Acute cholecystitis is swelling (inflammation) of the gallbladder. It is a potentially serious condition that usually needs to be treated in hospital.

The main symptom of acute cholecystitis is a sudden sharp pain in the upper right side of your tummy (abdomen) that spreads towards your right shoulder.

The affected part of the abdomen is usually extremely tender and breathing deeply can make the pain worse.

Unlike some others types of abdominal pain, the pain associated with acute cholecystitis is usually persistent, and doesn’t go away within a few hours.

Some people may additional symptoms, such as a high temperature (fever), nausea and vomiting, sweating, loss of appetite, yellowing of the skin and the whites of the eyes (jaundice) and/or a bulge in the abdomen

You should see your GP as soon as possible if you develop sudden and severe abdominal pain, particularly if the pain lasts longer than a few hours or is accompanied by other symptoms, such as jaundice and a fever.
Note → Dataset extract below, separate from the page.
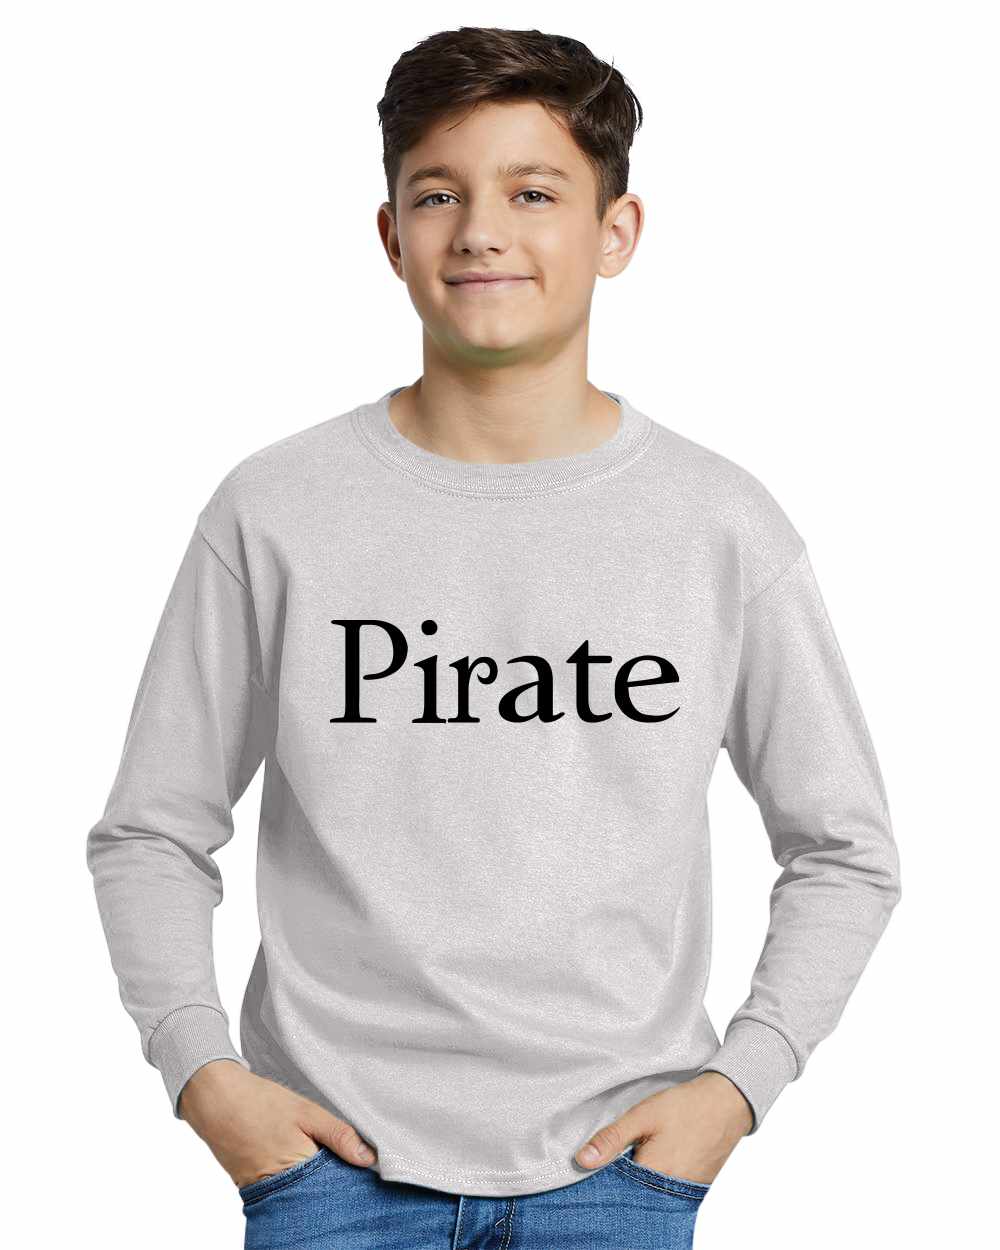 Pirate on Youth Long Sleeve Shirt (#620-203)

If it’s not possible to contact your GP immediately, phone your local out-of-hours service or call NHS 111 for advice.

It’s important for acute cholecystitis to be diagnosed as soon as possible, because there is a risk that serious complications could develop if the condition is not treated promptly.

Who is affected

Acute cholecystitis is a relatively common complication of gallstones.

It is estimated that around ten to 15 per cent of adults in the UK have gallstones. These don’t usually cause any symptoms, but in a small proportion of people they can cause infrequent episodes of pain (known as biliary colic) or acute cholecystitis.

Treating acute cholecystitis

If you are diagnosed with acute cholecystitis, you will probably need to be admitted to hospital for treatment which might involve surgery.

Although some people who have had their gallbladder removed have reported symptoms of bloating and diarrhoea after eating certain foods, you can lead a perfectly normal life without a gallbladder.

The organ can be useful but it’s not essential, as your liver will still produce bile to digest food.